I have a "surface" pool with a double brick cavity wall. You would have thought the cavity is as good as insulation? well if you did, you have just over looked the obvious................
The pool surface. When it gets cold and windy wind will blow across the water surface cooling it, making the wall insulation useless. If you recall a couple of years ago we had a really bad winter, my pool in some places froze solid. I drilled holes in the ice to see how far before I got water, drill bit too short.

I would still opt for a waterless water feature until the kids are older.


----------



## martin-green (7 Jul 2014)

What ever you decide to build, take pictures of it during construction, then post them here, it will give you a sense of achievement.


----------



## OllieNZ (20 Jul 2014)

Not exactly the pond the wife had in mind but definitely more suitable for the kids. I still need to roof the tower but done apart from that.


----------



## martin-green (20 Jul 2014)




----------



## Dominic (20 Jul 2014)

hello mate, me and my dad built a pond some 12 years ago, i was around 5 at the time and my dad has now passed and i cannot remember how he built it, but it is raised roughly 3ft and built in a corner. It has what i can only describe as wooden 'fencing' around the edges, and i know we dug a hole in the middle roughly 1-2feet deep, then lined with old carpet and pondliner. I can take some pictures if you would like mate?


----------



## Greenfinger2 (20 Jul 2014)

Hi Ollie,  Superb build the kids must be well happy


----------



## OllieNZ (20 Jul 2014)

Dominic said:


> hello mate, me and my dad built a pond some 12 years ago, i was around 5 at the time and my dad has now passed and i cannot remember how he built it, but it is raised roughly 3ft and built in a corner. It has what i can only describe as wooden 'fencing' around the edges, and i know we dug a hole in the middle roughly 1-2feet deep, then lined with old carpet and pondliner. I can take some pictures if you would like mate?

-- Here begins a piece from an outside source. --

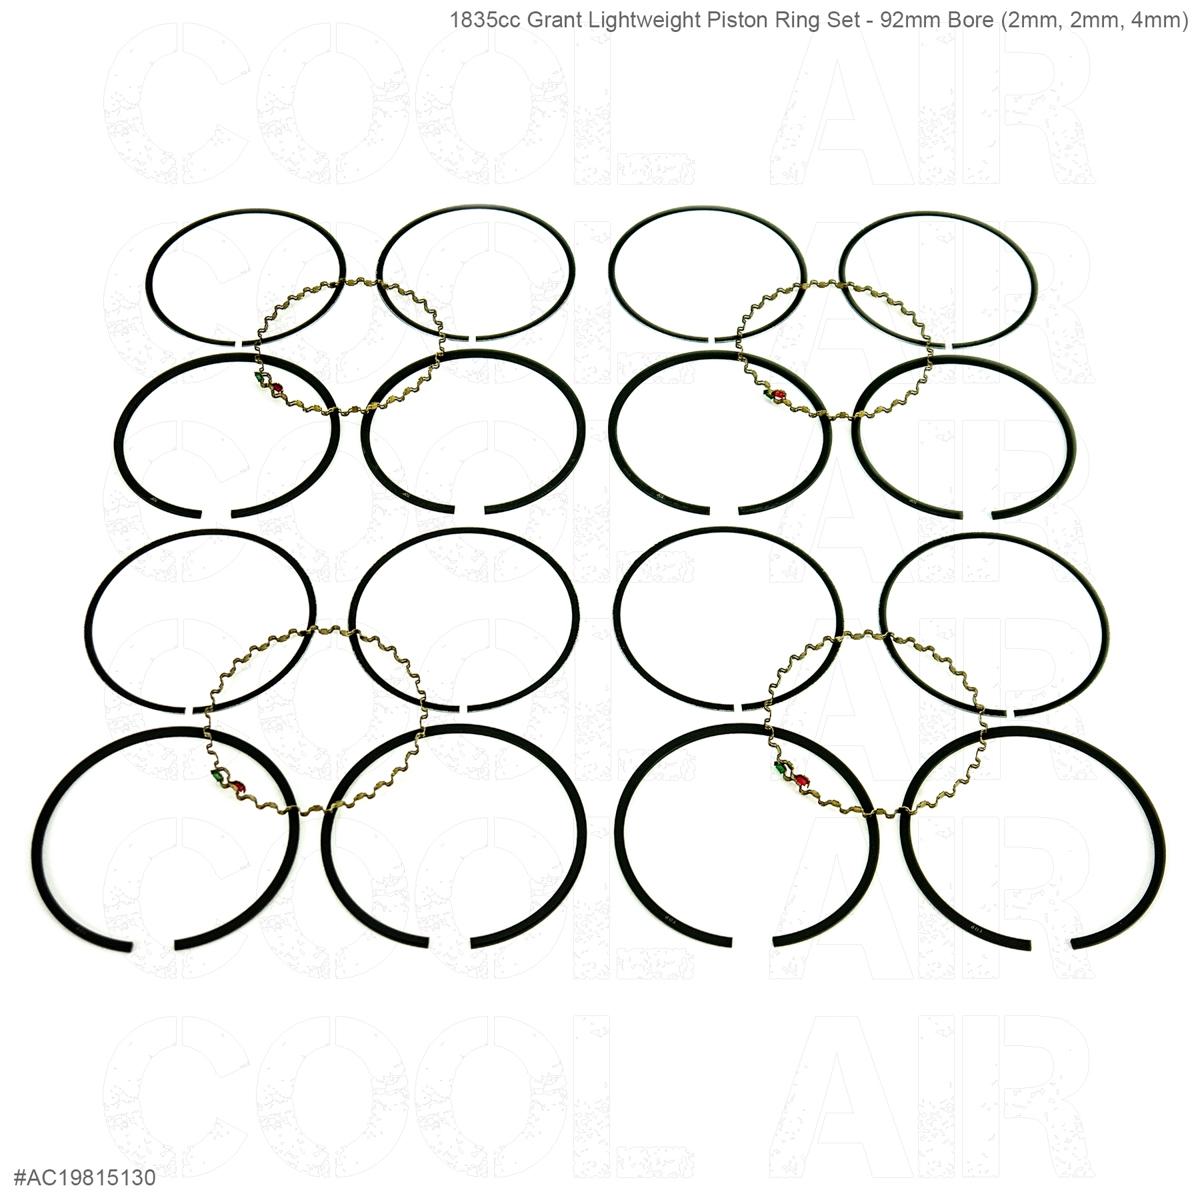 1835cc Grant Lightweight Piston Ring Set - 92mm Bore (2mm, 2mm, 4mm)

Even though I'm not building one right now I'd still like to see it


----------



## OllieNZ (20 Jul 2014)

Greenfinger2 said:


> Hi Ollie,  Superb build the kids must be well happy


Thanks,
They seem to be so far, hopefully it will keep them entertained for the summer holidays.


----------



## Dominic (21 Jul 2014)

Okay i'll just pop out and take some pictures now


----------



## Brian Murphy (26 Jul 2014)

Thinking of a raised circular pond to fill in a circular gravel are we have in the front garden in our new house


----------



## martin-green (27 Jul 2014)

What exactly are you thinking of having?

Its just that round is nice but harder to build than anything with corners, also installing a liner will be "interesting" 
If you really want round you would be better off buying a pre made round pool.


----------



## zozo (28 Apr 2015)

I'm doin it for some years now  and i realy love it..
These pictures are from last year. This year i made something different went ADA on it, still starting up.














This is that small Lobelia Cardinalis you know from the aquarium 












If you don't want to batlle algea you need to put some Helofytes in there _like Iris pseudacorus. If you do that the rest will be piece of cake.
If you keep fish, keep temps in check in summer time, above ground ponts like to get hot.. But goldfish are quit hardy and stay happy any other (cold water) species than carp will perish quickly, they cant stand the heat._


----------



## Edvet (28 Apr 2015)

Some gravel on the bottom and all the plants in pots it seems? Care to elaborate? Looks nice. I seems to have the midday sun?


----------



## zozo (28 Apr 2015)

I only use inert poreus substrate, even for the nymphea's and feed them with small clay firt balls.. Never ever use dirt or any other organic soil. If you do that the chances of getting a stinky trouble mess is +/- 99%.   This year im going to experiment without pots and other plants, not totaly sure yet what i want. Sometimes depends on the plants ideal (depht) zone area it better to use pots.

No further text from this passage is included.